Exercise aim. Your reply is to be the lines below, exactly as written, with images omitted.

Data segment.
● ● ● ● ●
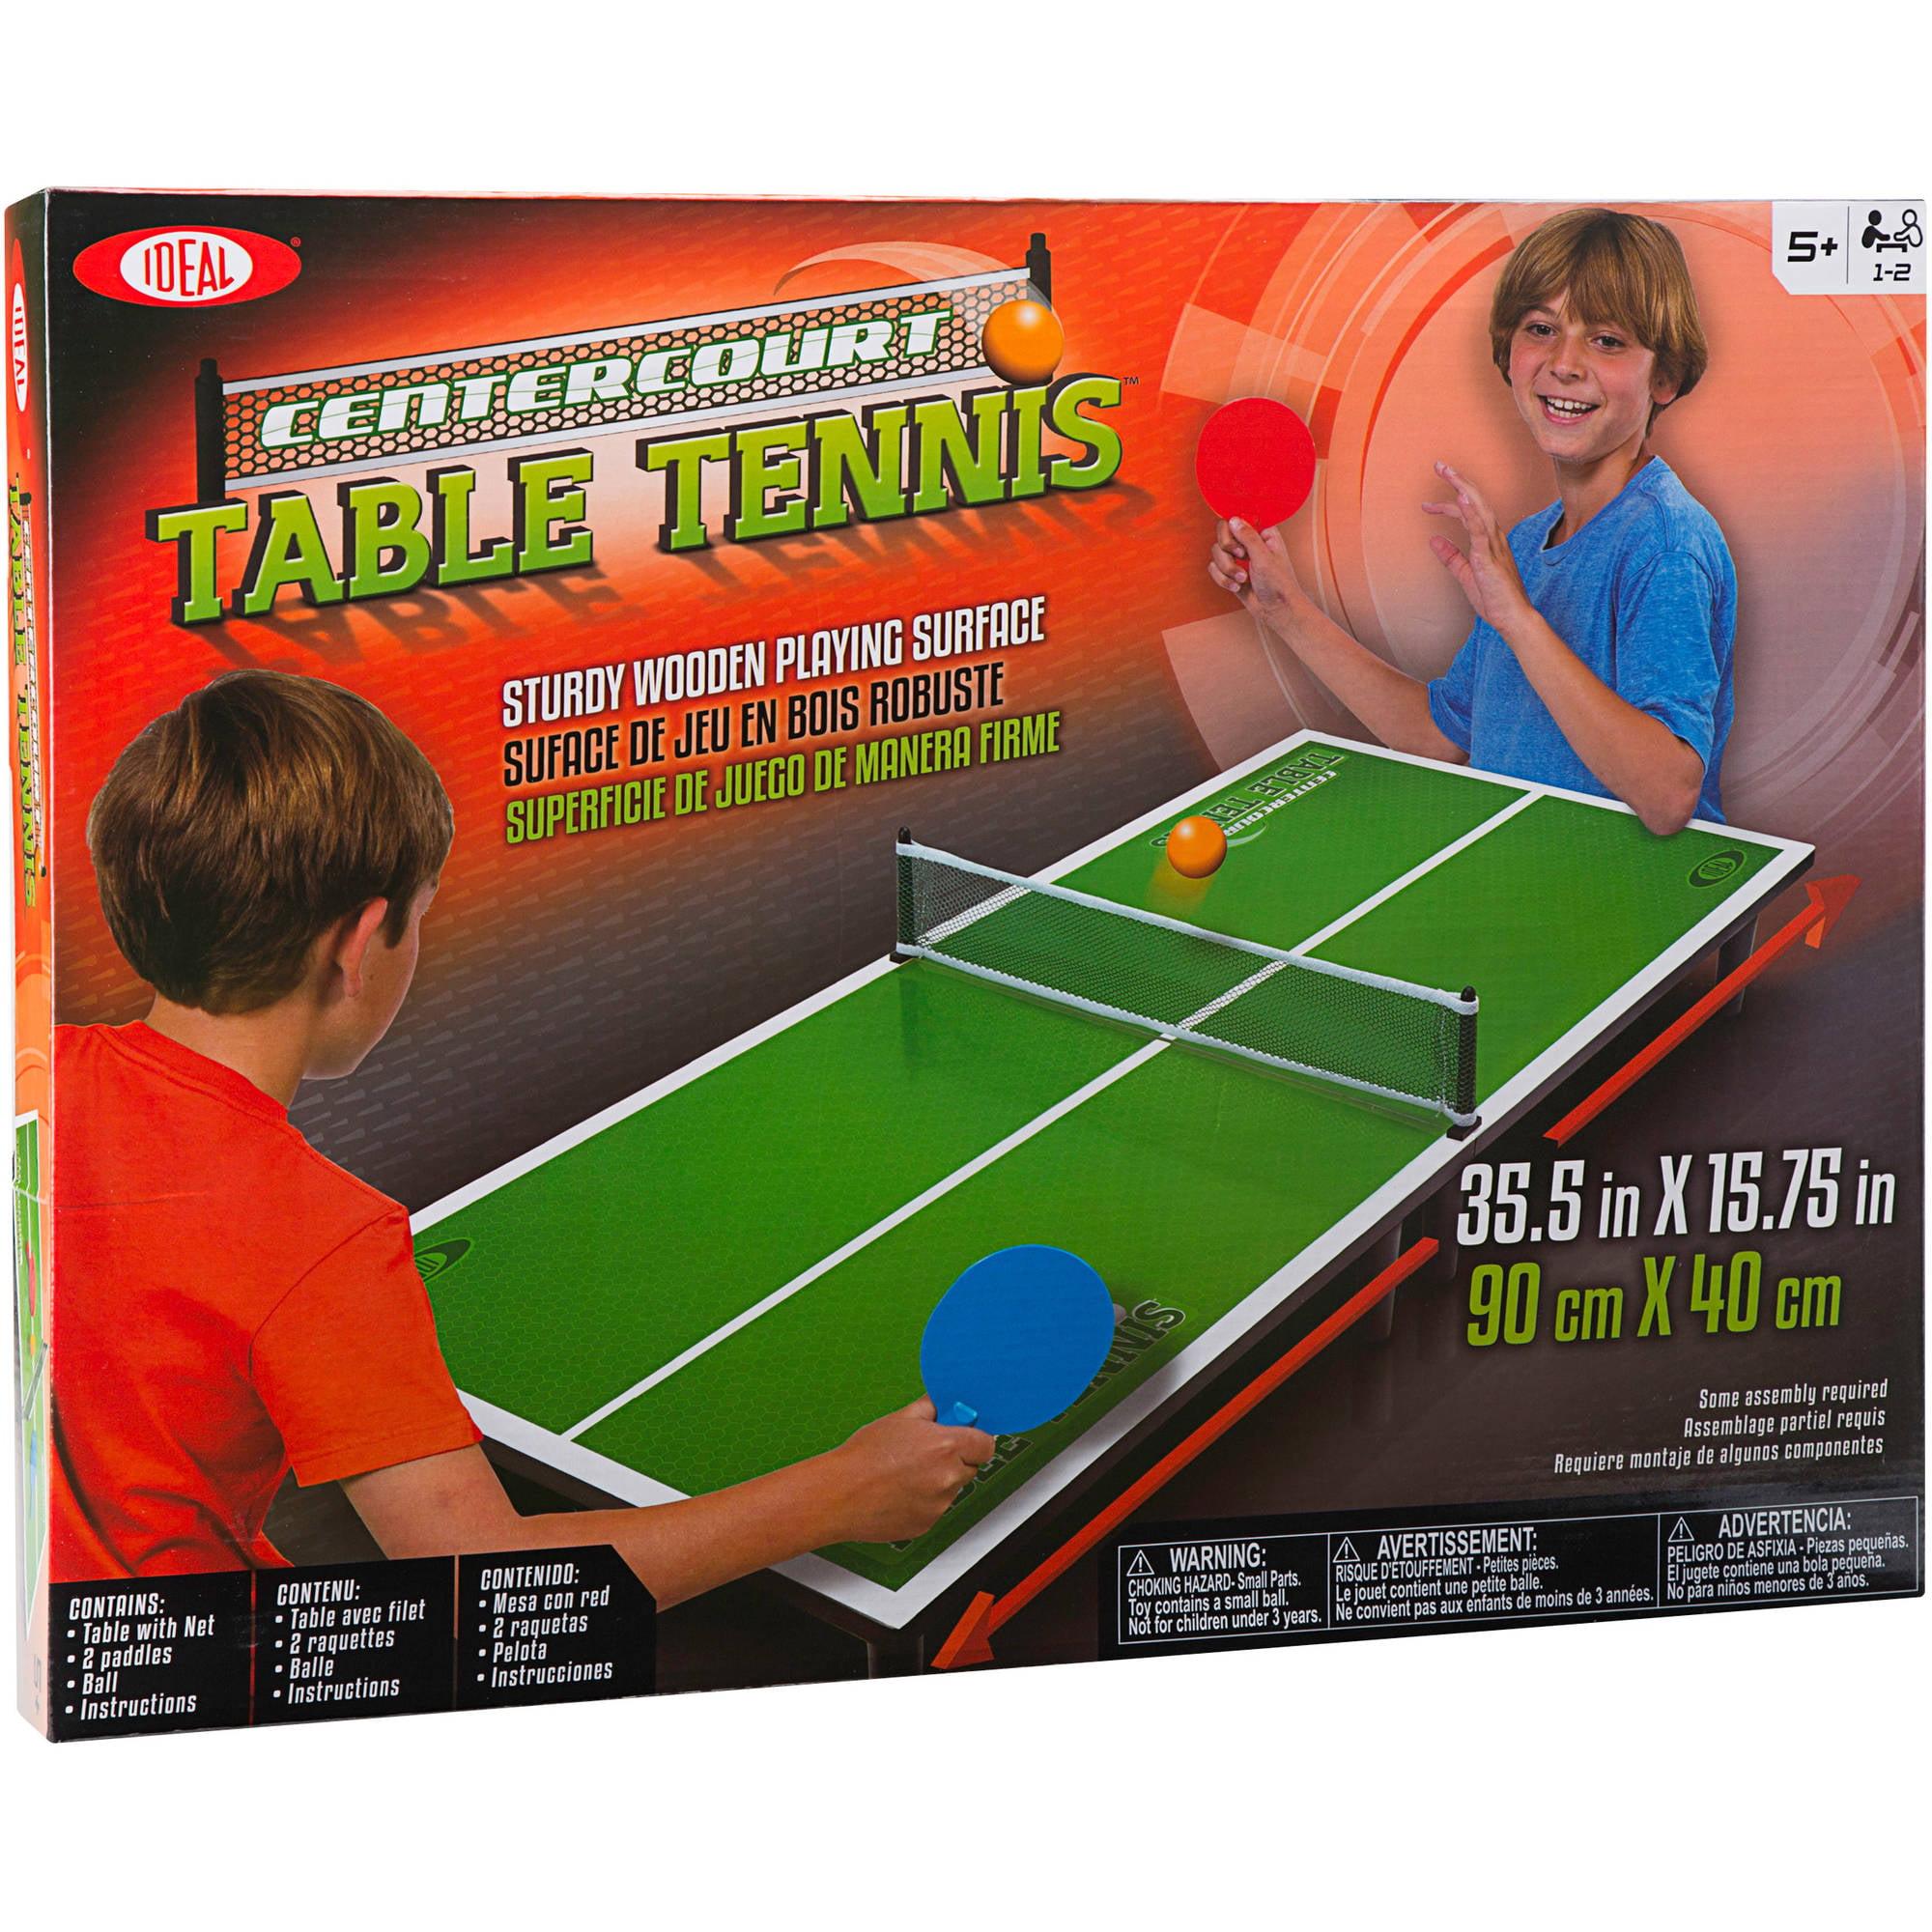 Ideal Centercourt Ping Pong by Alex Brands
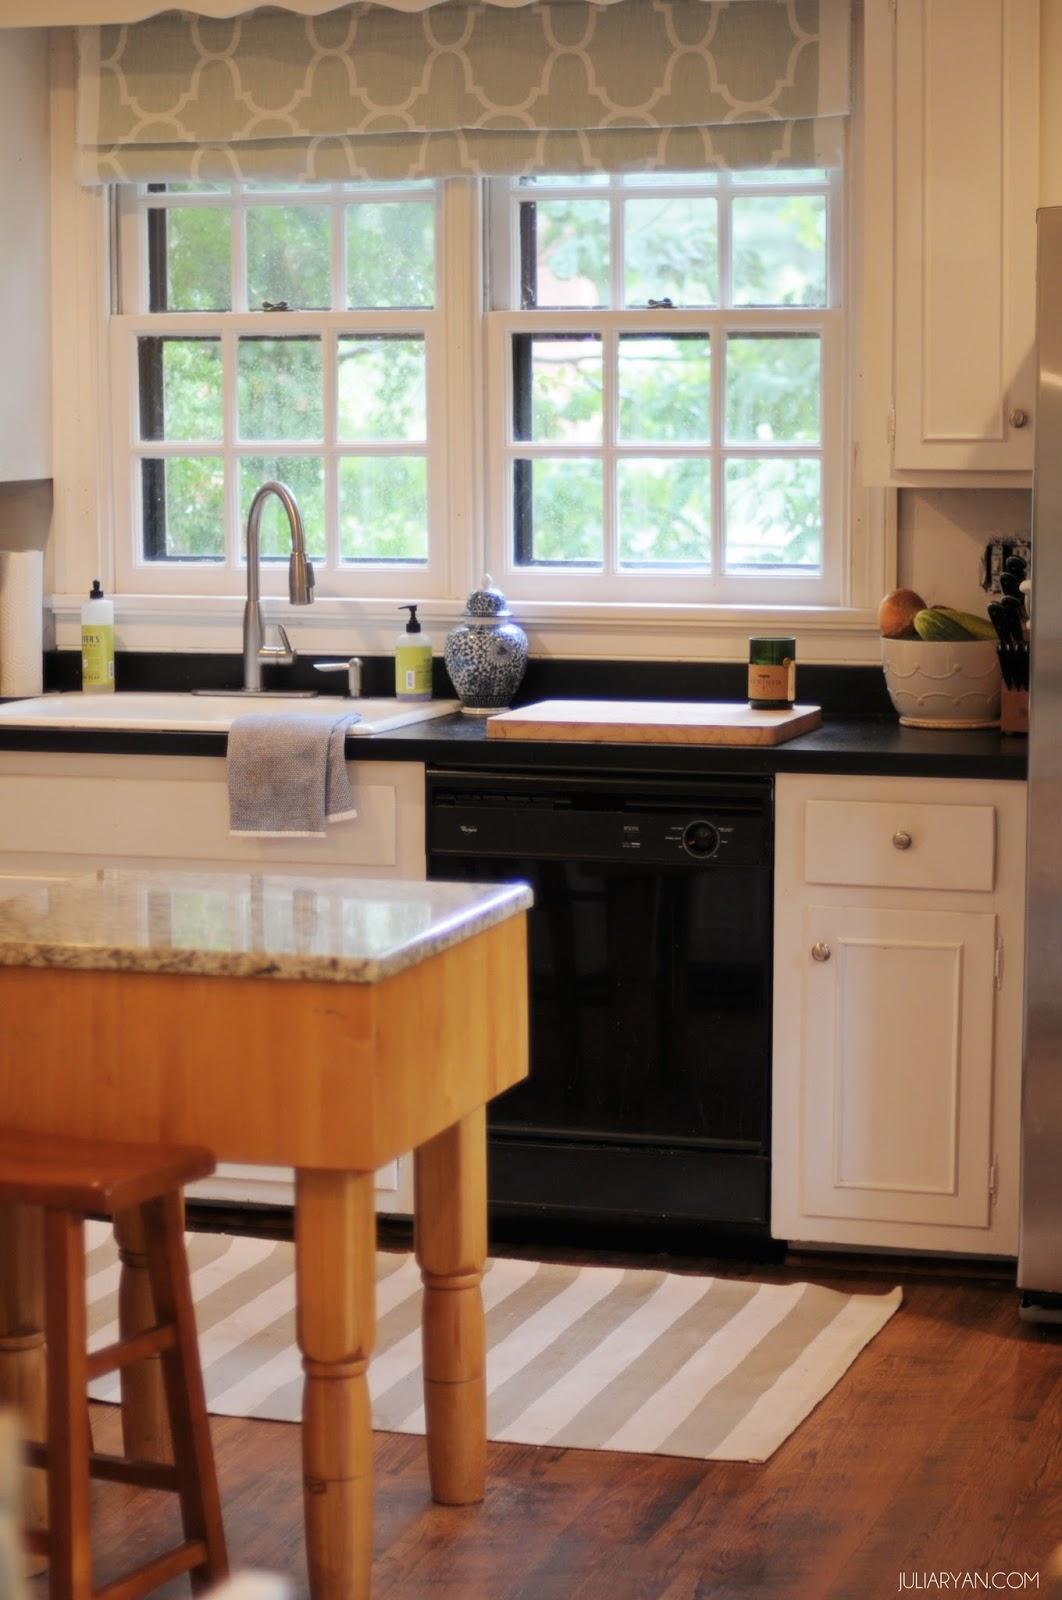 new house progress kitchen window treatments julia ryan. Black Bedroom Furniture Sets. Home Design Ideas
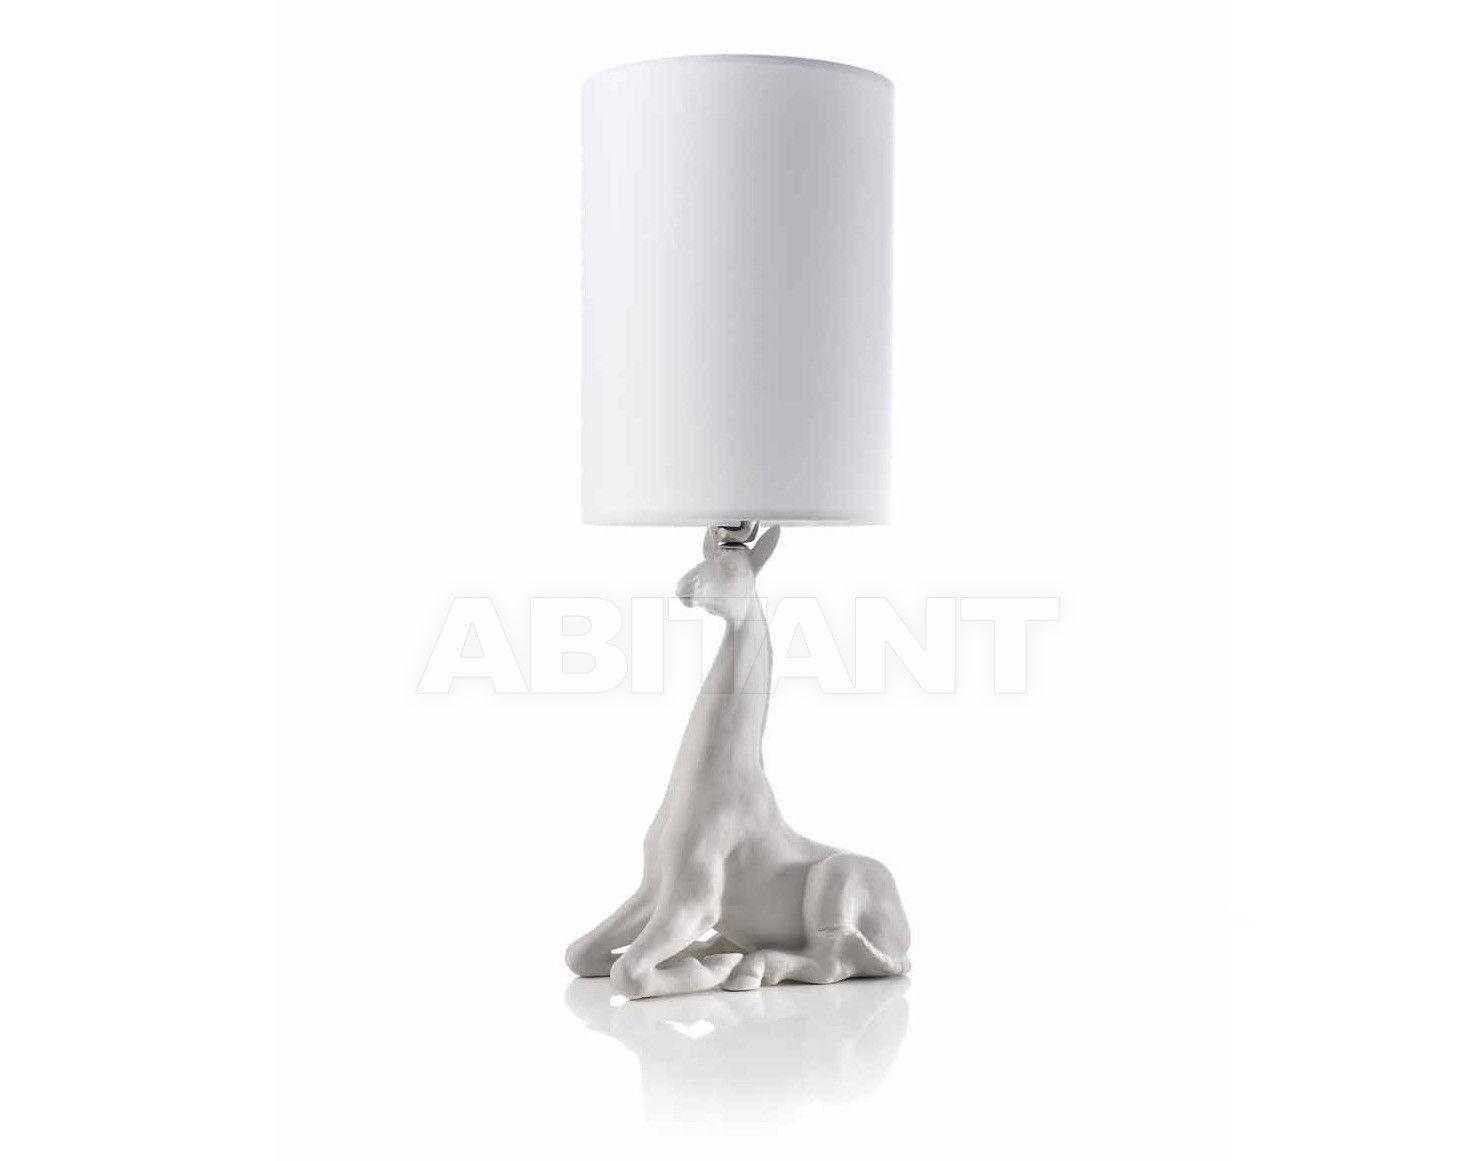 Купить Лампа настольная SMALL GIRAFFE LAMP Villari Grande Opera Ii 0003715-101
● ● ● ● ●
Answer to the problem.
 Ideal Centercourt Ping Pong by Alex Brands
 new house progress kitchen window treatments julia ryan. Black Bedroom Furniture Sets. Home Design Ideas
 Купить Лампа настольная SMALL GIRAFFE LAMP Villari Grande Opera Ii 0003715-101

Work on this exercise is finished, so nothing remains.